- [Data provided]:
────────────────────────────────────────
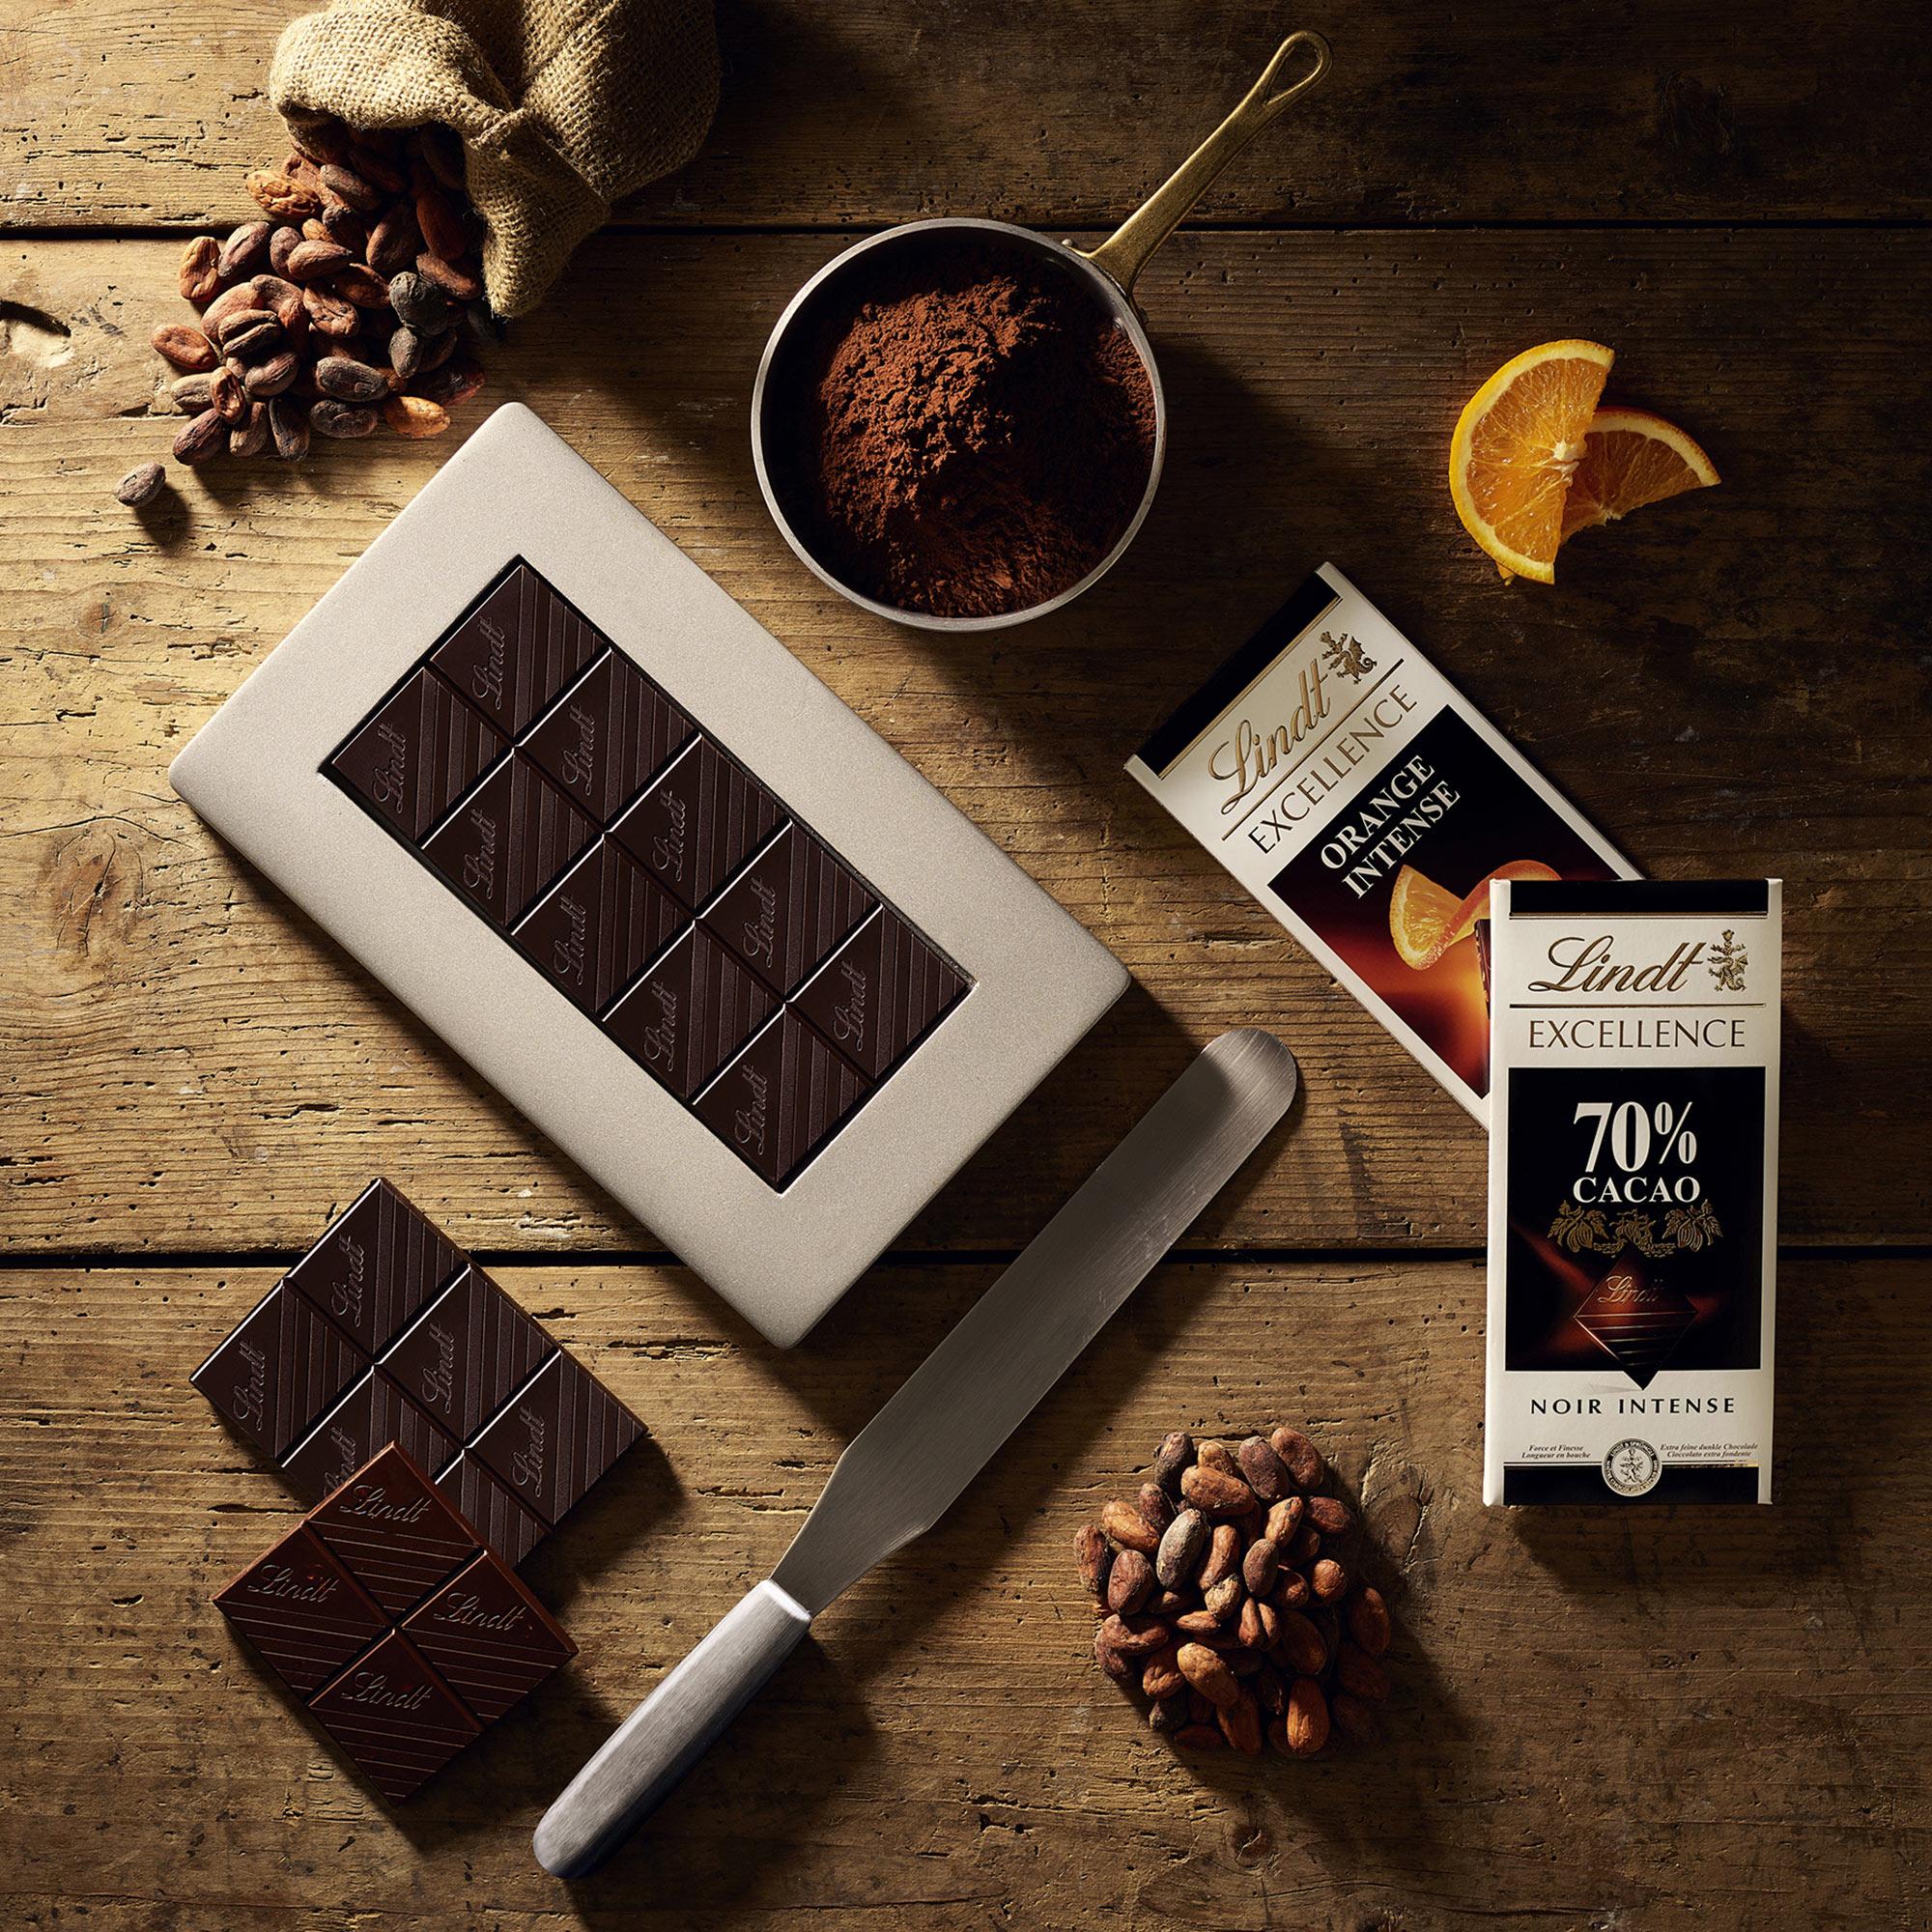 Lindt Cioccolato Tavoletta Fondente Excellence Cacao Arancia
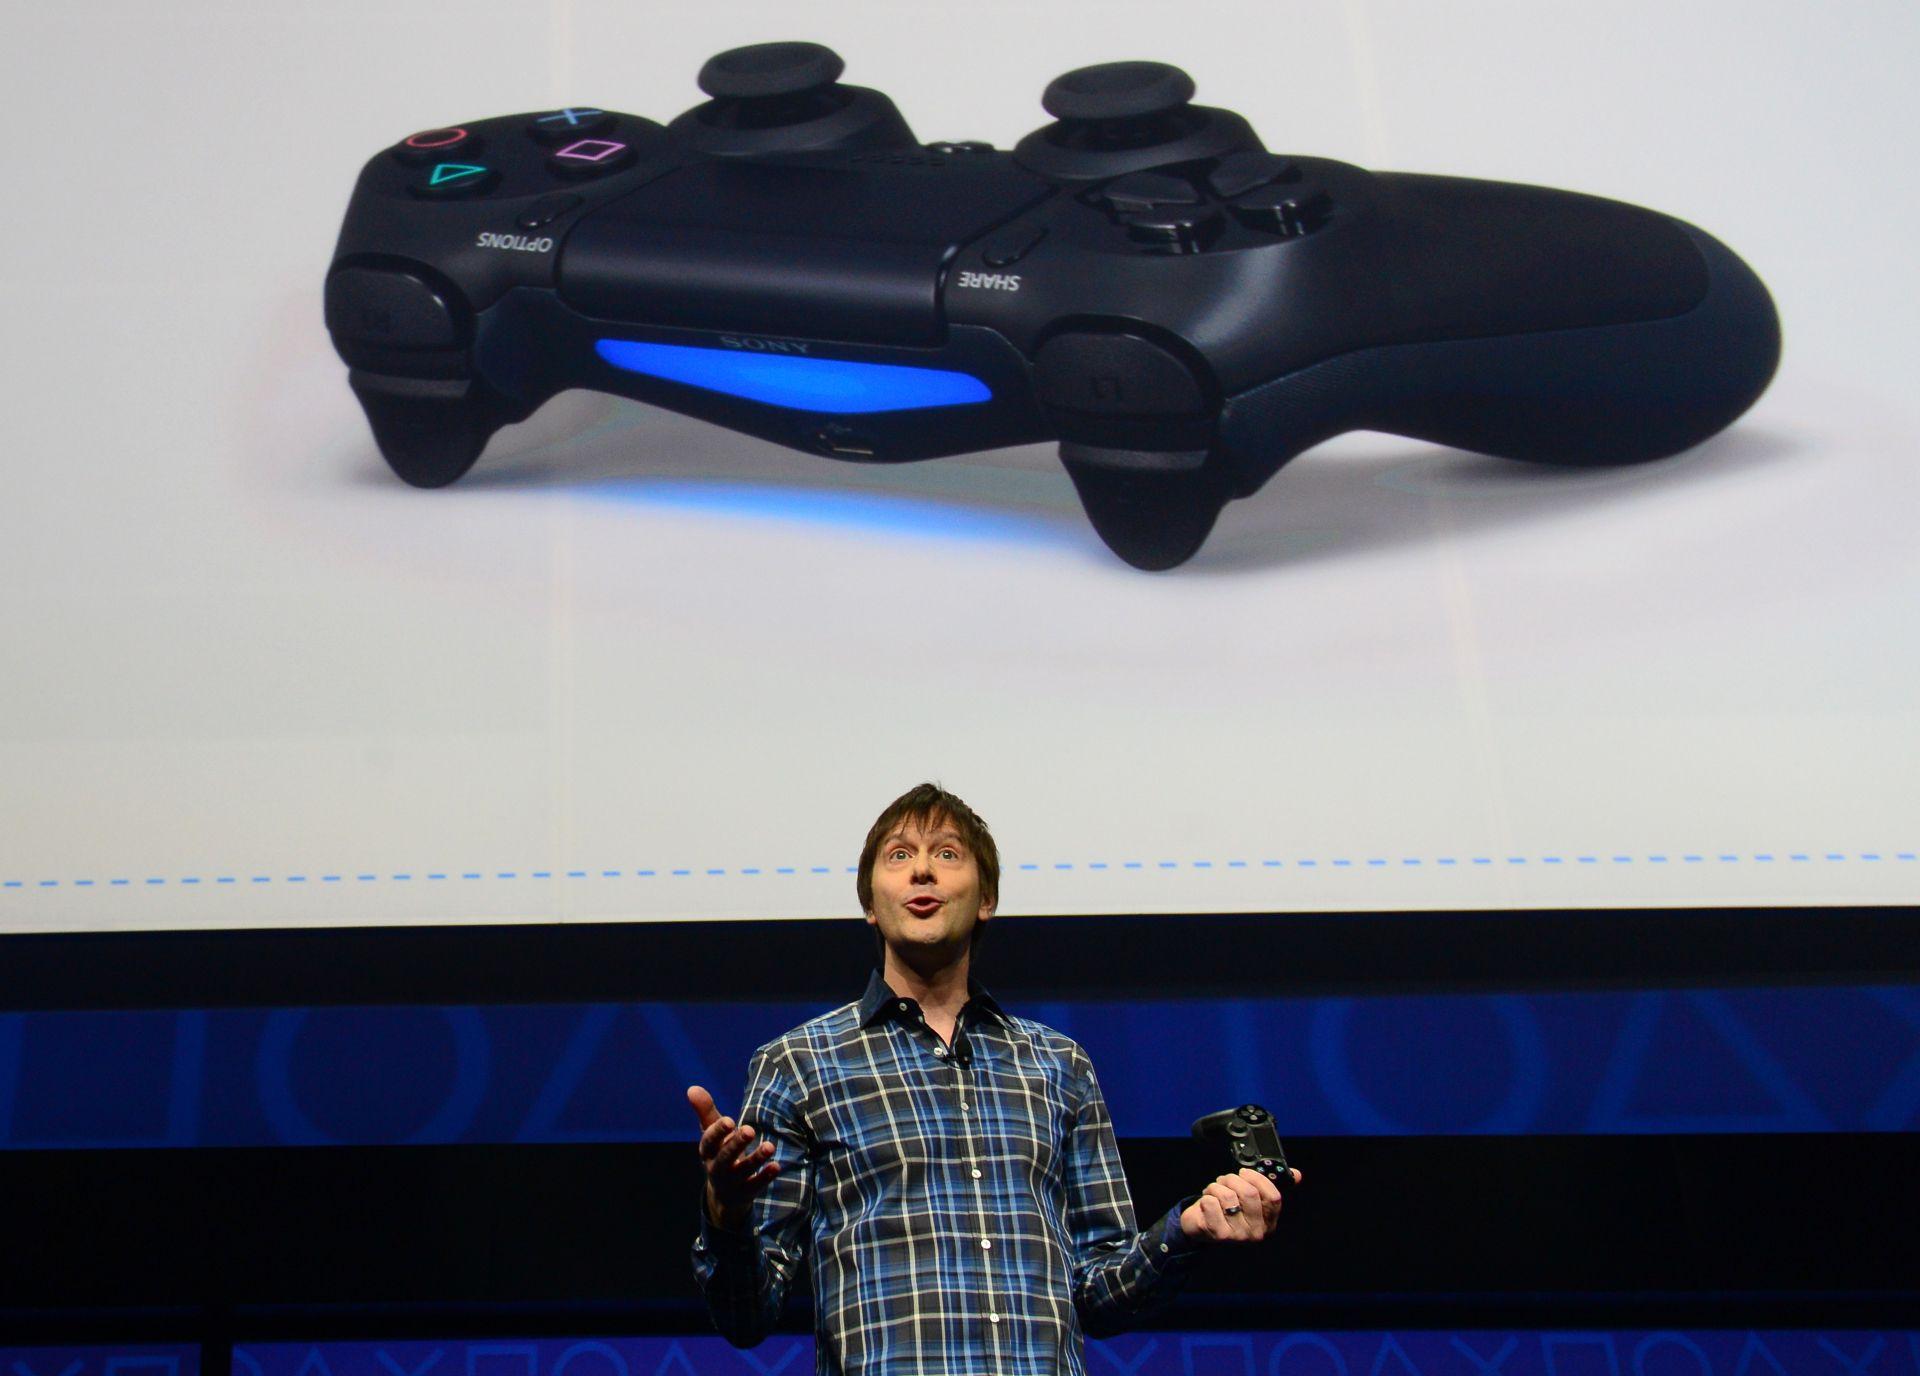 PlayStation 4 designer Mark Cerny introducing the PlayStation 4 in February 2013. u2014 AFP Relaxnews
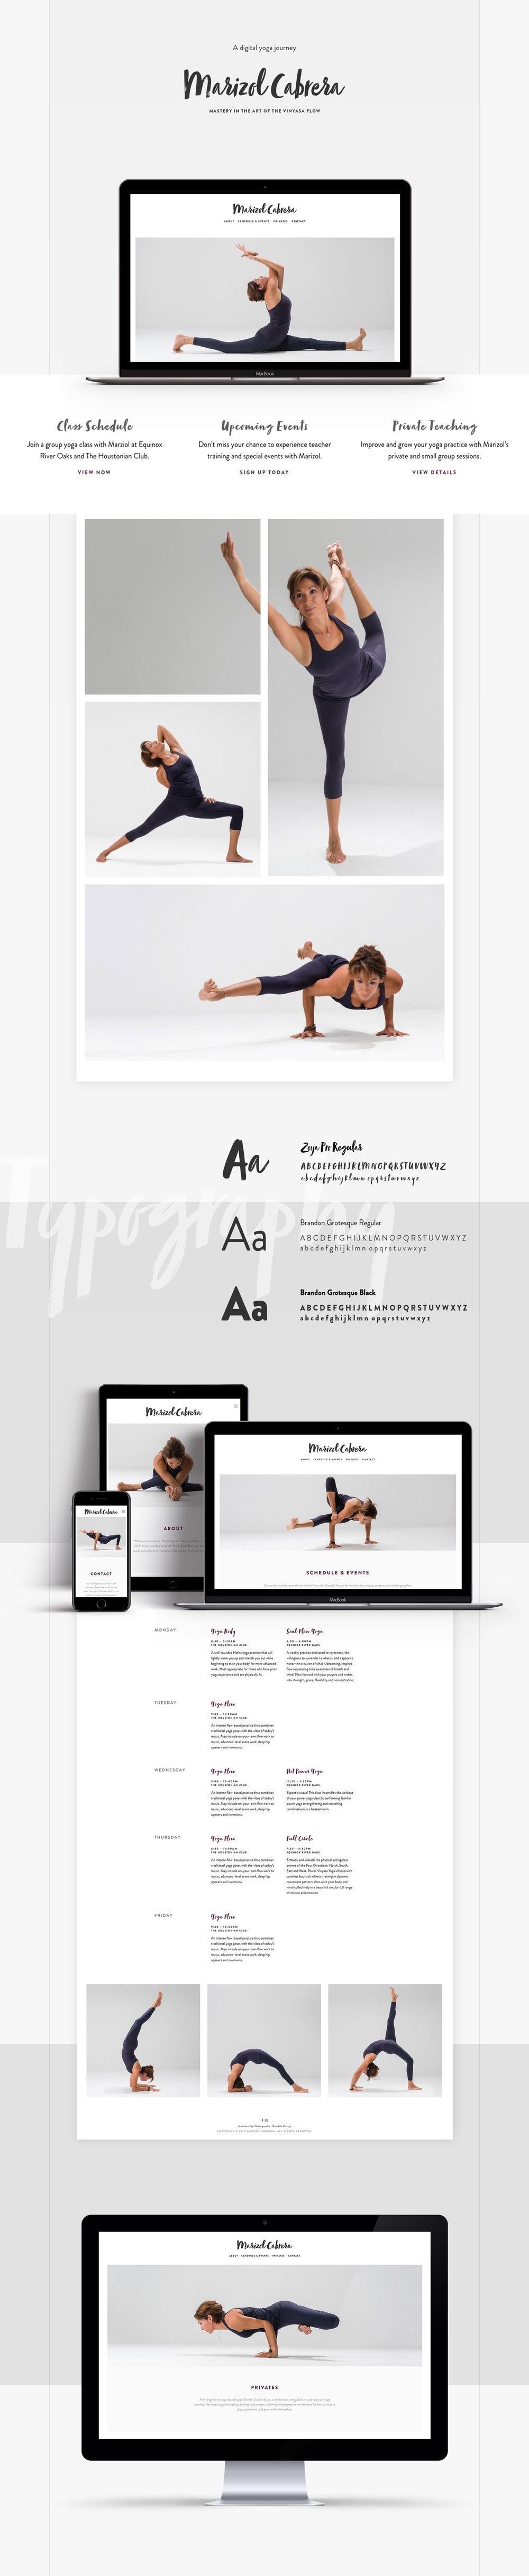 Marizol Cabrera Yoga - 01.jpg
────────────────────────────────────────
- [Work instructions]: Make a word-for-word repeat of the material, skipping all pictures.

- [Result]:
 Lindt Cioccolato Tavoletta Fondente Excellence Cacao Arancia
 PlayStation 4 designer Mark Cerny introducing the PlayStation 4 in February 2013. u2014 AFP Relaxnews
 Marizol Cabrera Yoga - 01.jpg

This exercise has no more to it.